Line by line, output everything from the one that contains "Une délégation du" through the end of the material below, exactly as written and with no pictures.

***** RECORDED INFORMATION

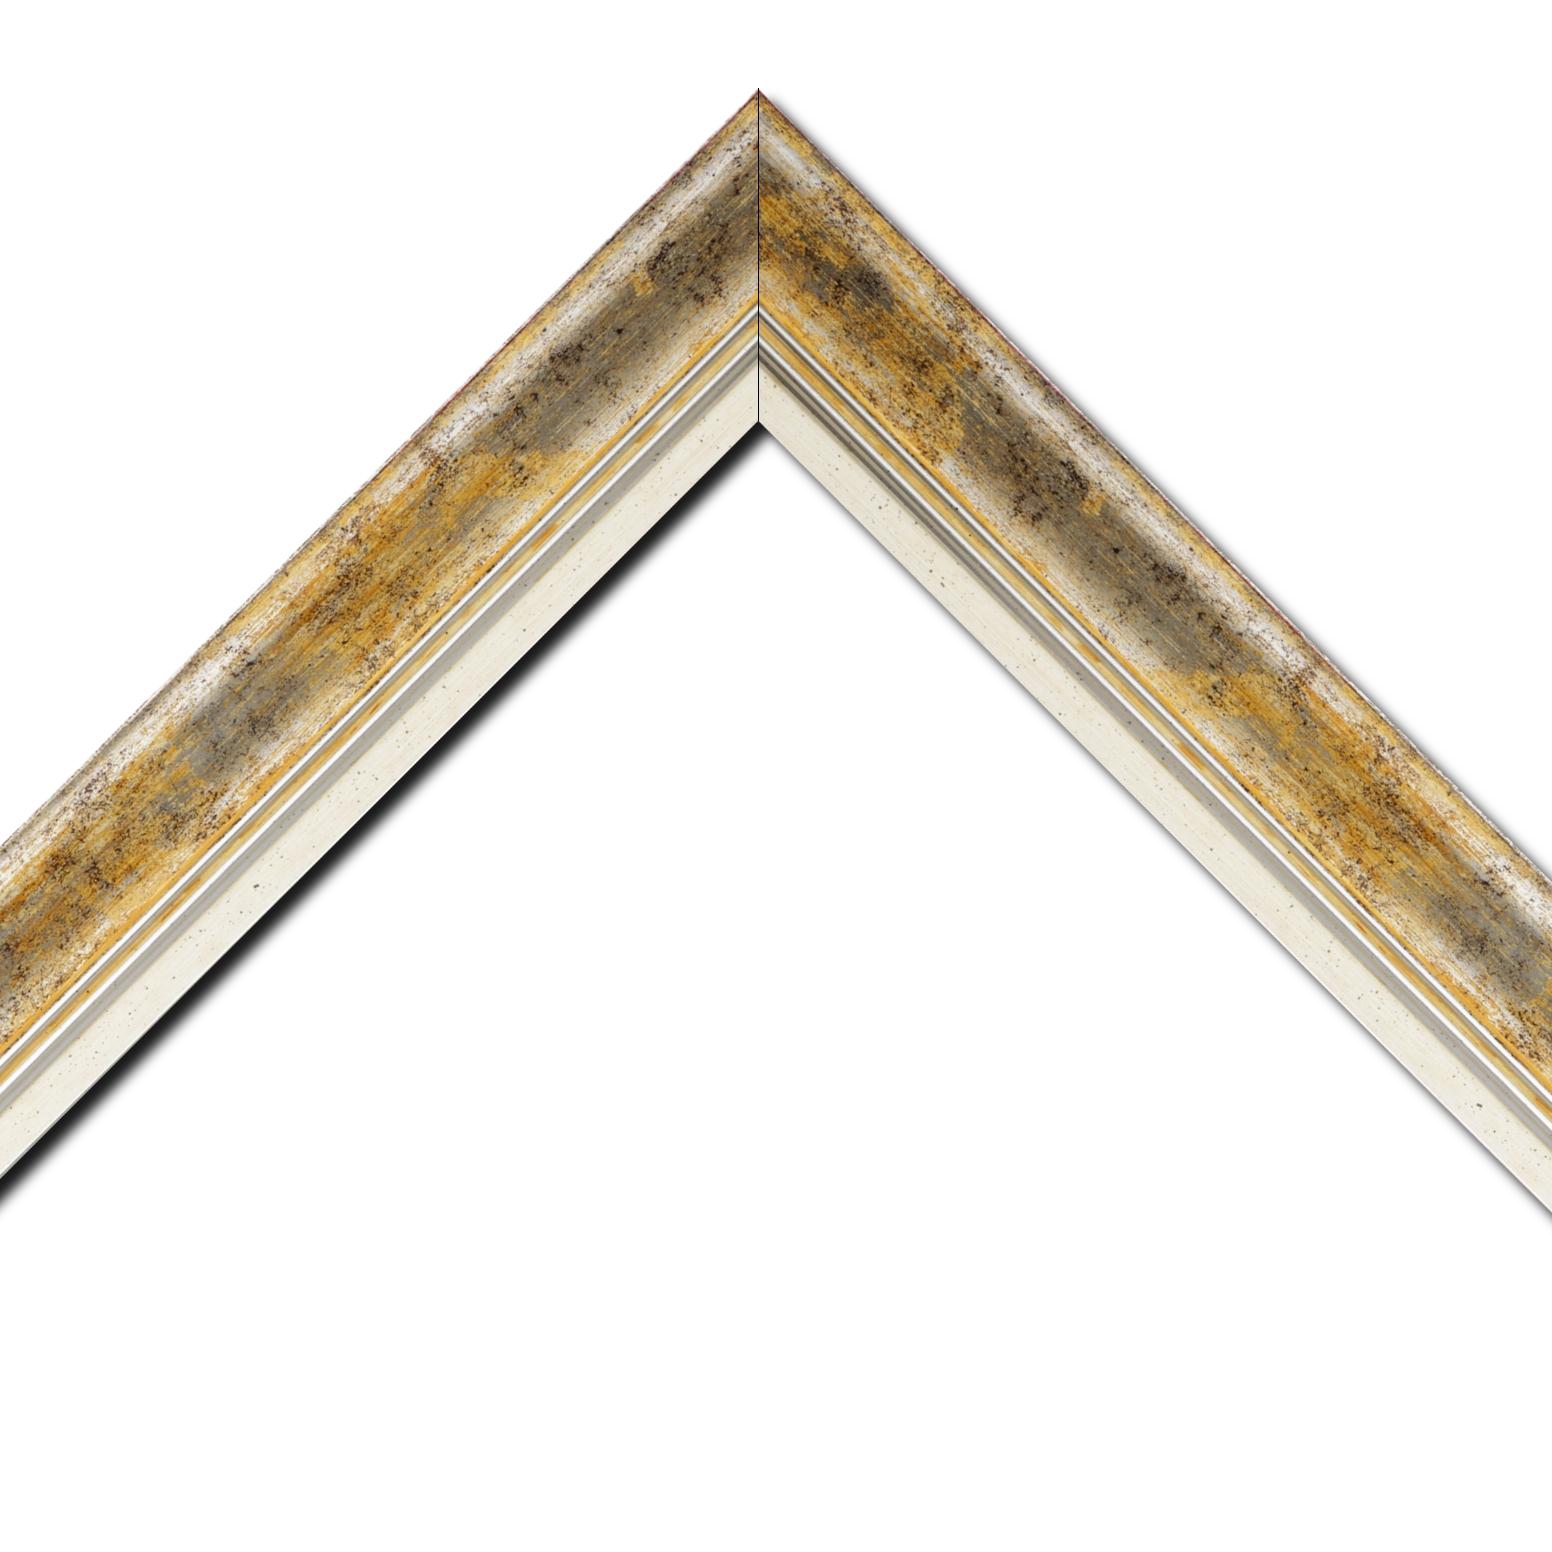 Baguette bois profil incurvé largeur 5.7cm de couleur jaune fond argent marie louise blanche mouchetée filet argent intégré
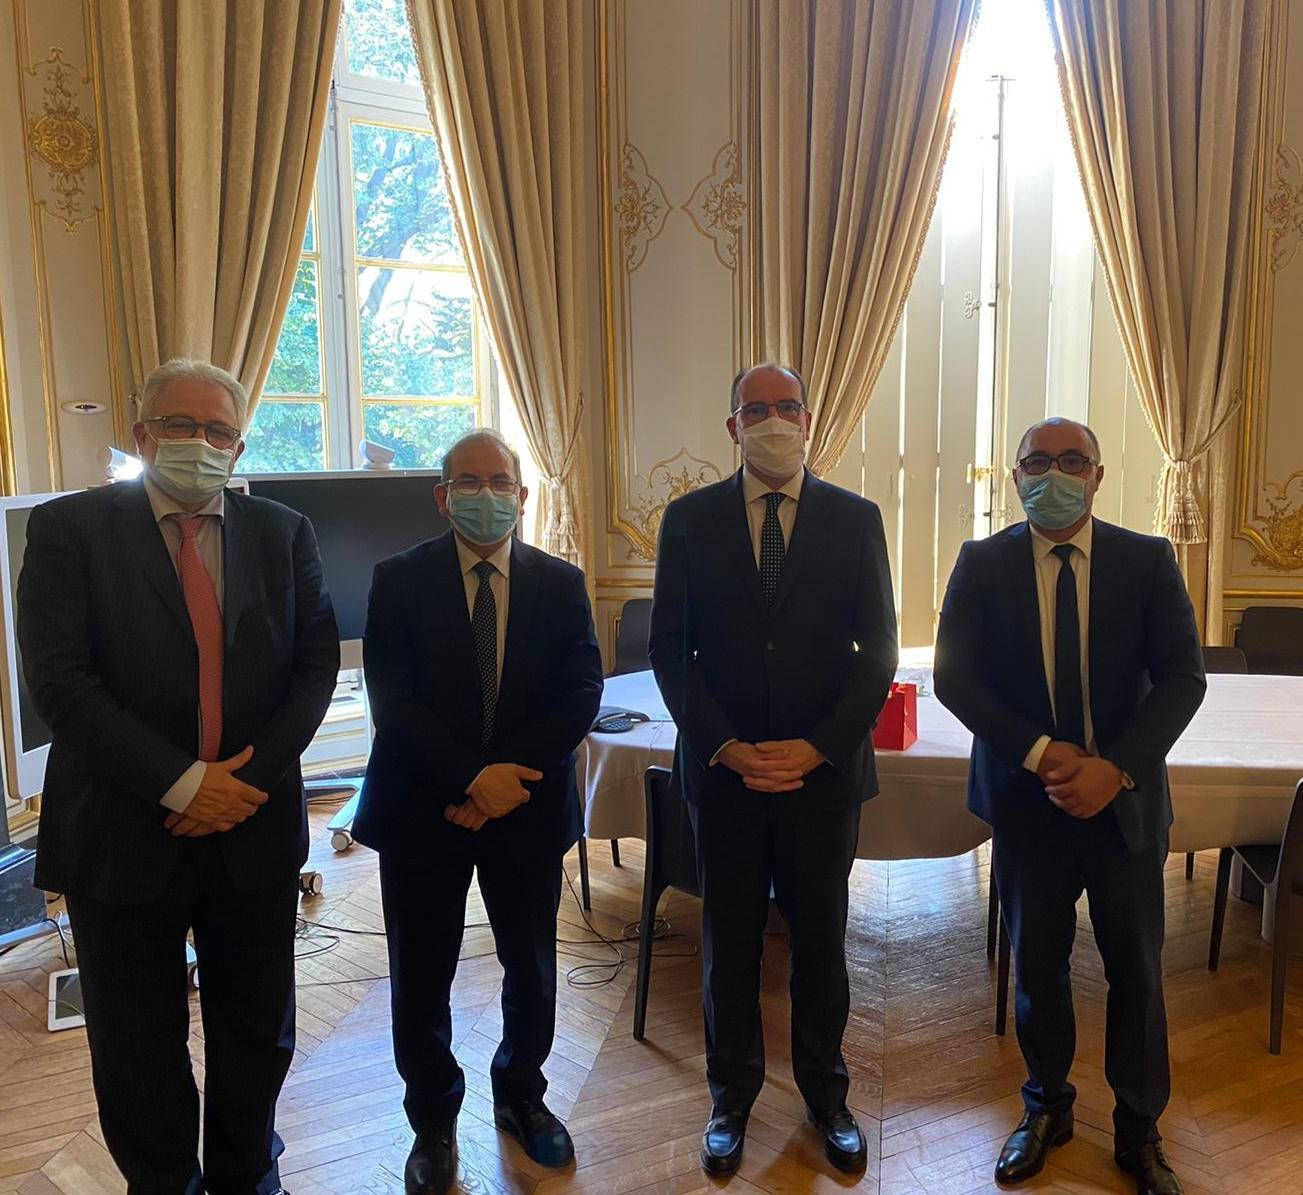 Une délégation du CFCM rencontre M. le Premier Ministre Jean Castex
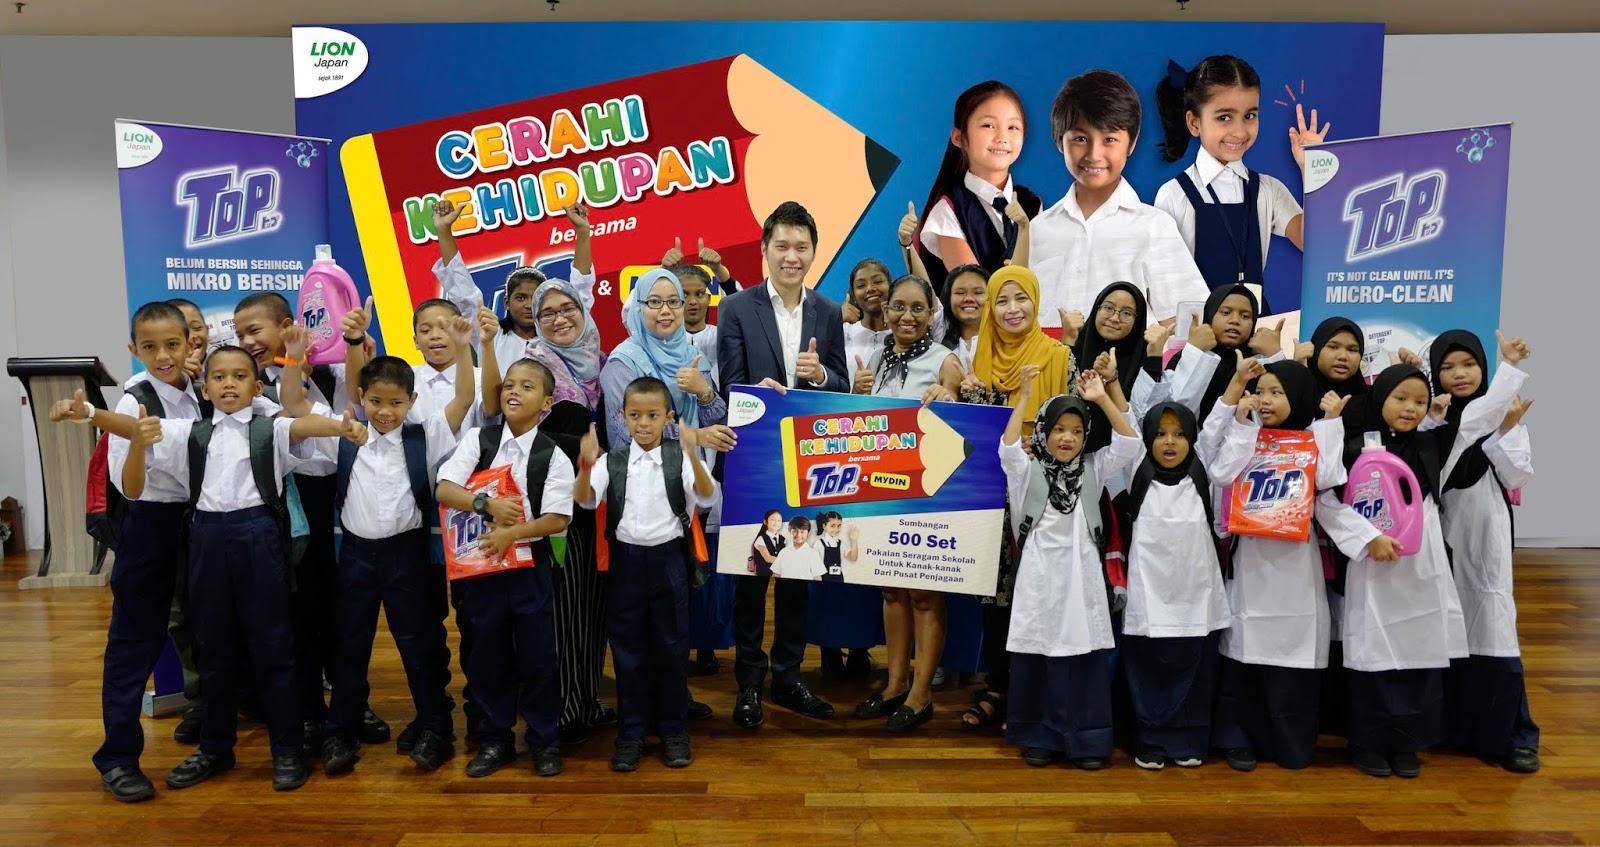 TOP Menyumbangkan Pakaian Seragam Sekolah Kepada 500 Orang Pelajar

**********

ANSWER FOR THE TASK –
 Une délégation du CFCM rencontre M. le Premier Ministre Jean Castex
 TOP Menyumbangkan Pakaian Seragam Sekolah Kepada 500 Orang Pelajar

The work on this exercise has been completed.